I am drawn to new gadgets and technologies. When I saw the first generation LED replacement bulbs advertised, I became very interested. I was ready to upgrade all my lamps to LEDs until I saw the price tag which back then was about thirty dollars each. Who wants to pay thirty dollars for a light bulb?
The technology has since been perfected and the newest LED replacements bulbs have begun appearing in stores with prices in the ten dollar range. At first glance this still seemed like a high price to pay for a light bulb! Nonetheless, I kept hearing how much more efficient and therefore how much better for the environment these are. I also heard how the wide scale use of these lights will help delay the need to build expensive new power plants. With this in mind, I decided to investigate the matter further to see if I could now justify an upgrade project.
While I am happy to consider doing what I can to protect “old mother earth” and, of course, I don't really want any new power plants being built in my area, I decided to ask a more fundamental question: does converting to LED bulbs make budget sense in 2014. Below is the result of my investigations.
Upgrading from incandescent bulbs to LEDs makes sense now!
LEDs still cost about 6 times what standard incandescent bulbs cost.

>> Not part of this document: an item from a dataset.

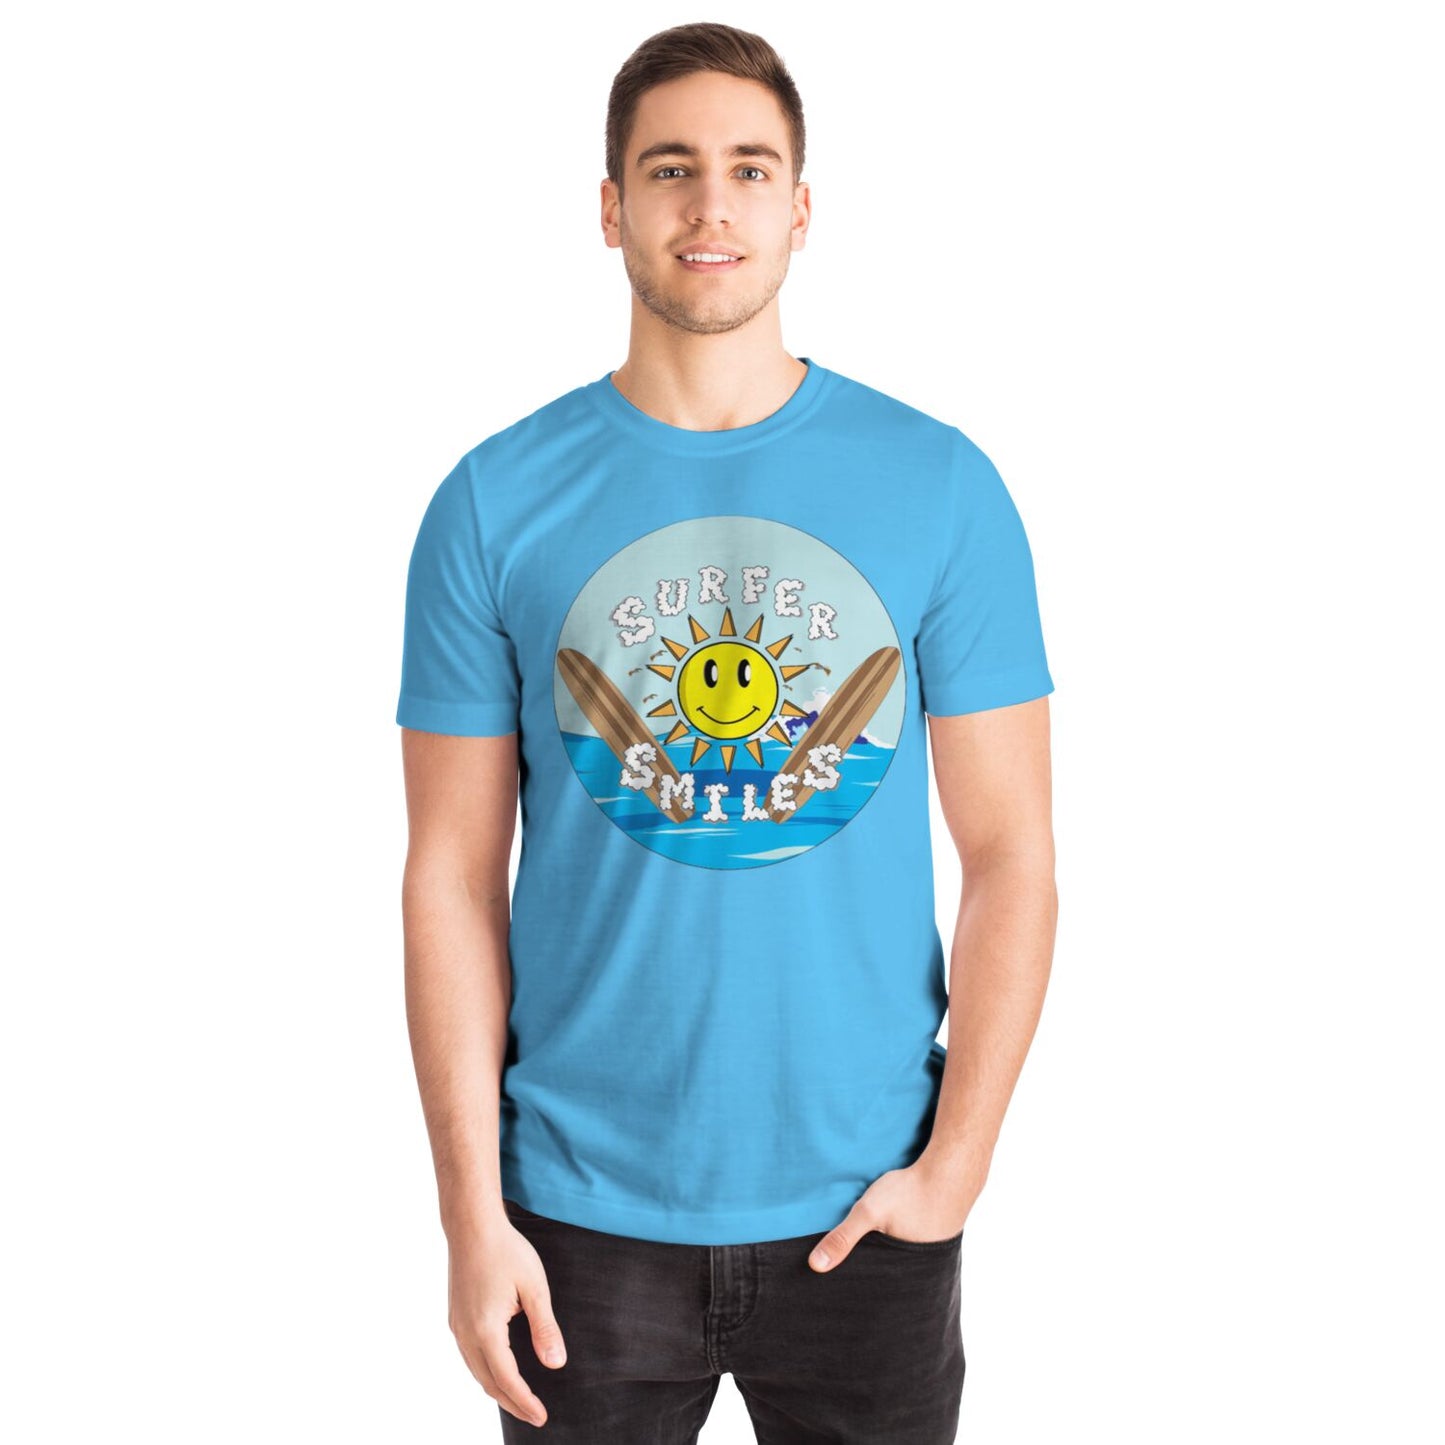 Surfer Smiles T-shirt Blue

While the price can be initially a little shocking, keep in mind that LEDs can be expected to last as much as 30-40 times longer than traditional bulbs. As an example, an LED used 3-4 hours daily should not need replacement until about the year 2050! This will all but eliminate the tedious chore of regularly buying and replacing bulbs, not to mention the danger of suddenly and unexpectedly being thrown into darkness as a lamp flashes and then fails!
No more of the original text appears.